The report identifies a number of important areas for attention, including: continuing aggressive actions to contain prescription drug spending; expanding efforts to develop and promote new systems and models of care; developing a strategy to address the special issues of members with disabilities who also have Medicare coverage; and enhancing the MassHealth administrative and information infrastructure.

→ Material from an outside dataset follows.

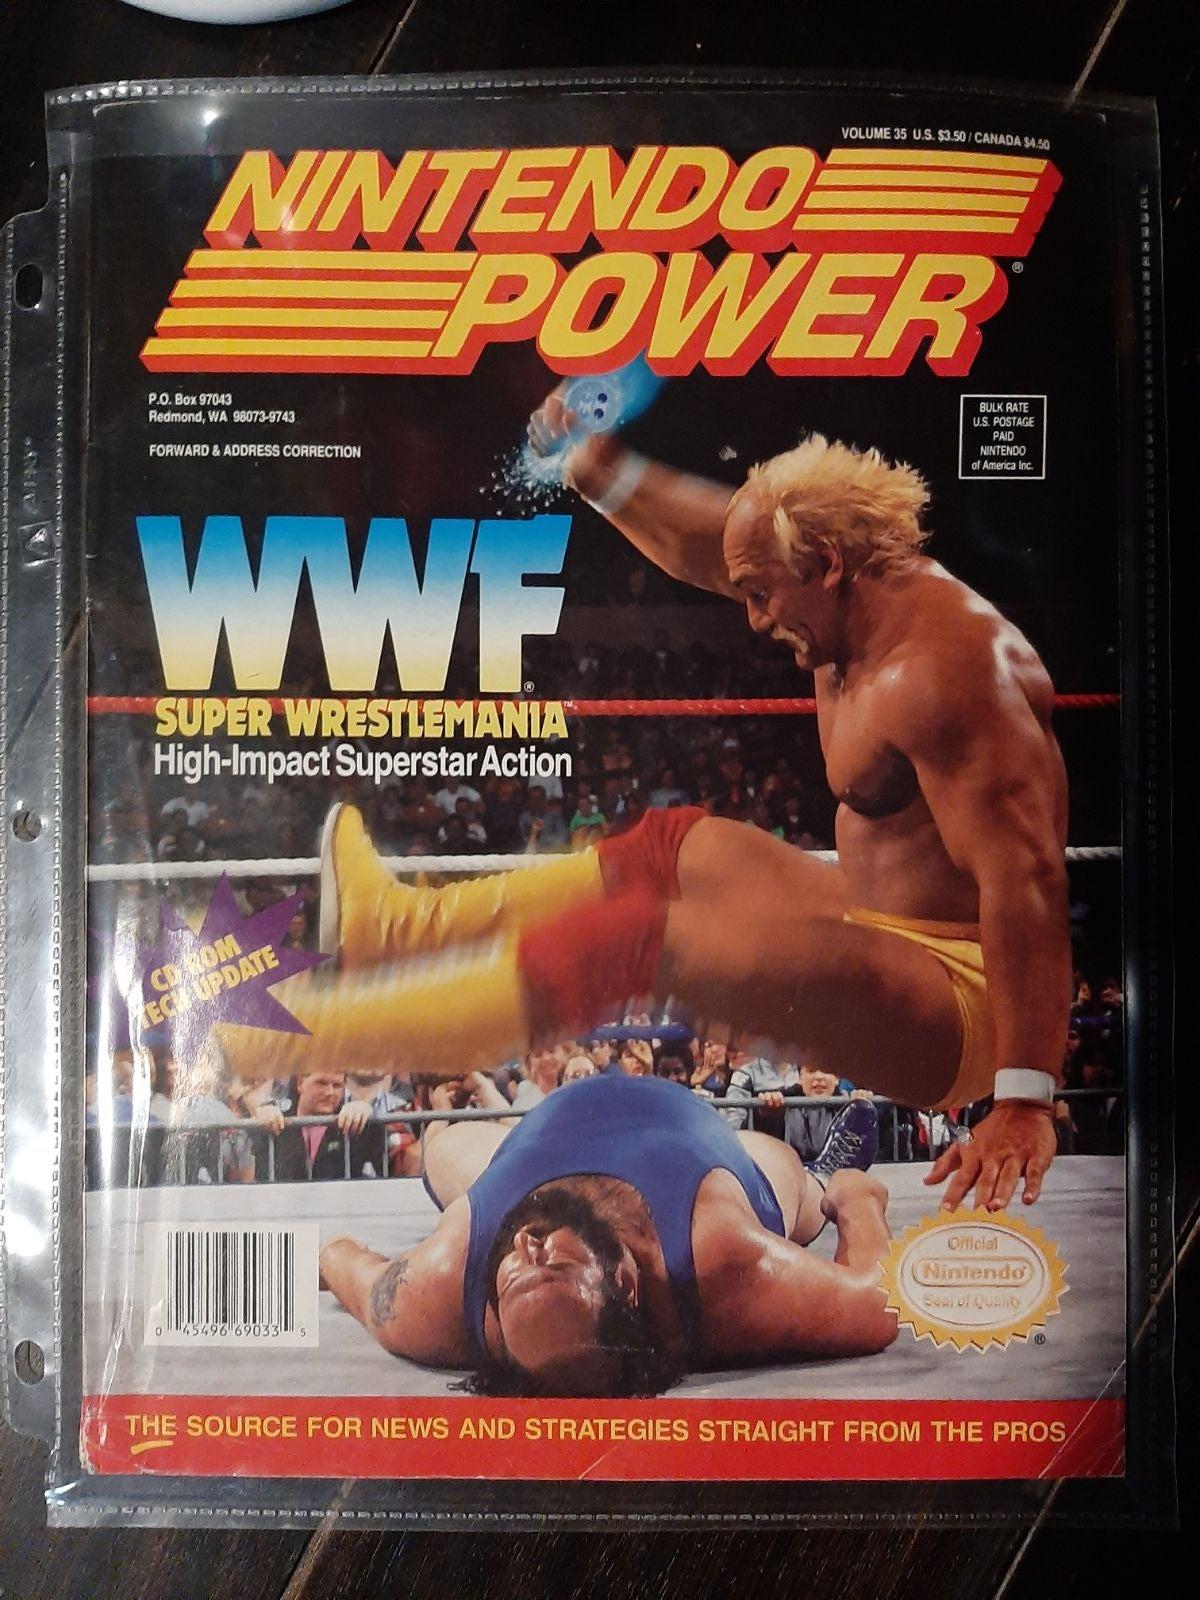 Vintage Nintendo Power magazine volume 3
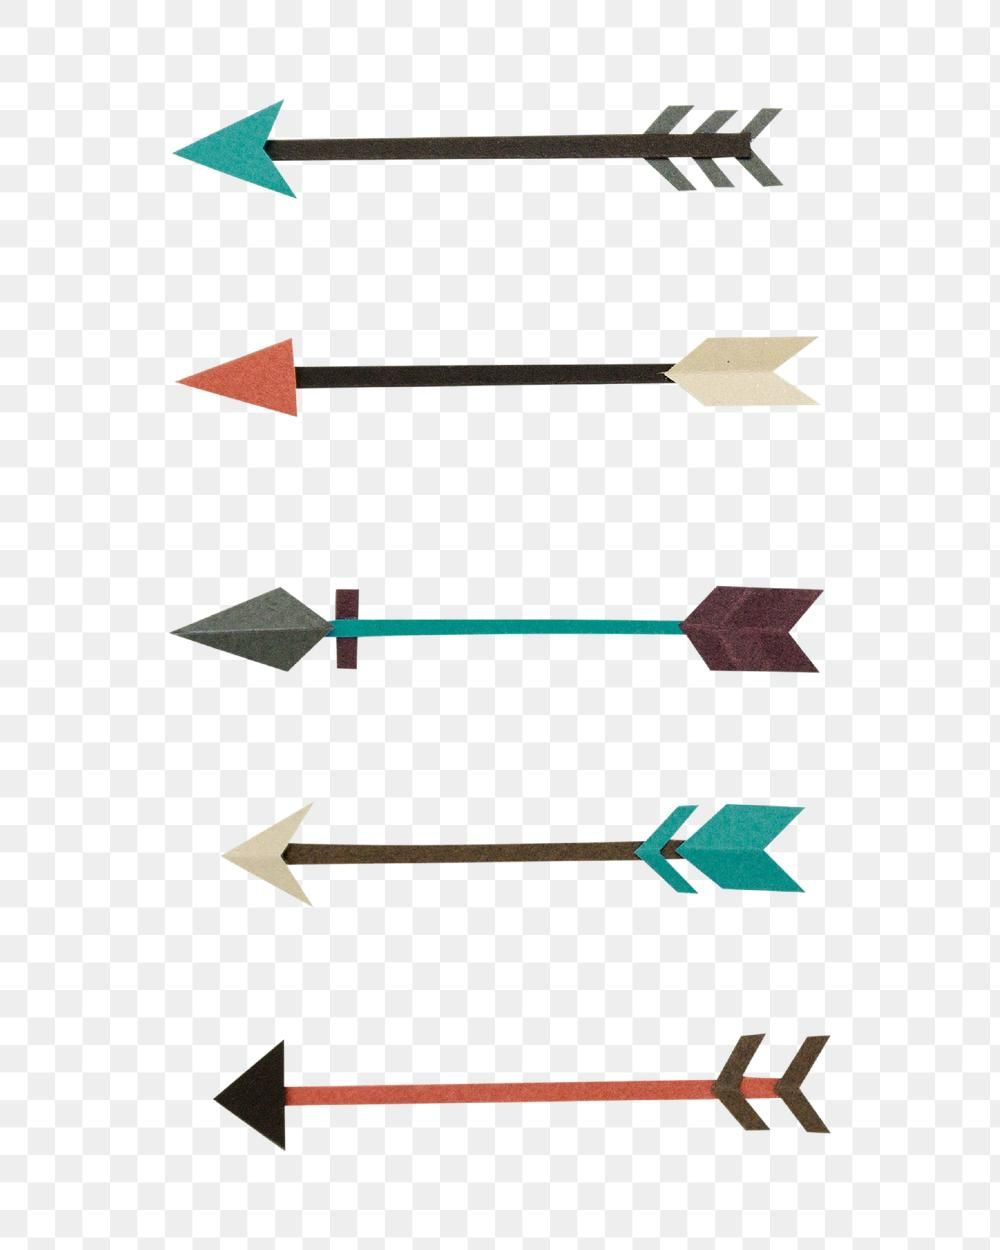 Arrow Symbol Paper Craft Set Design Element Free Image By Rawpixel Com Gade Technology Design Graphic Design Element Craft Set

"The growing number of MassHealth members with disabilities is a success story," added Turnbull. "It's a testament to technological advances, to efforts to move people with a range of disabilities from institutions to community settings, and to state initiatives to expand coverage. But these successes are creating enormous challenges as well. Unless we can find ways to moderate the growth in MassHealth spending by building new systems of care for people with disabilities, we're going to continue to be faced with more draconian choices--cutting eligibility, cutting benefits, raising copayments, reducing provider payments. These strategies won't make low-income people and their health care needs disappear--they will only shift the costs elsewhere in the budget, to the uncompensated care pool or to providers in the form of charity care."
To review the complete report, please visit MMPI's website at http://www.massmedicaid.org.
About the Massachusetts Medicaid Policy Institute
The Massachusetts Medicaid Policy Institute (MMPI) is an independent and nonpartisan source for information and analysis about the Massachusetts Medicaid program (often referred to as "MassHealth"). MMPI seeks to promote broader understanding of the MassHealth program and a more rigorous and thoughtful public discussion of the program's successes and the challenges ahead. It collaborates with a wide spectrum of policy makers, legislators, researchers, providers, advocacy groups, consumer organizations, business and other stakeholders.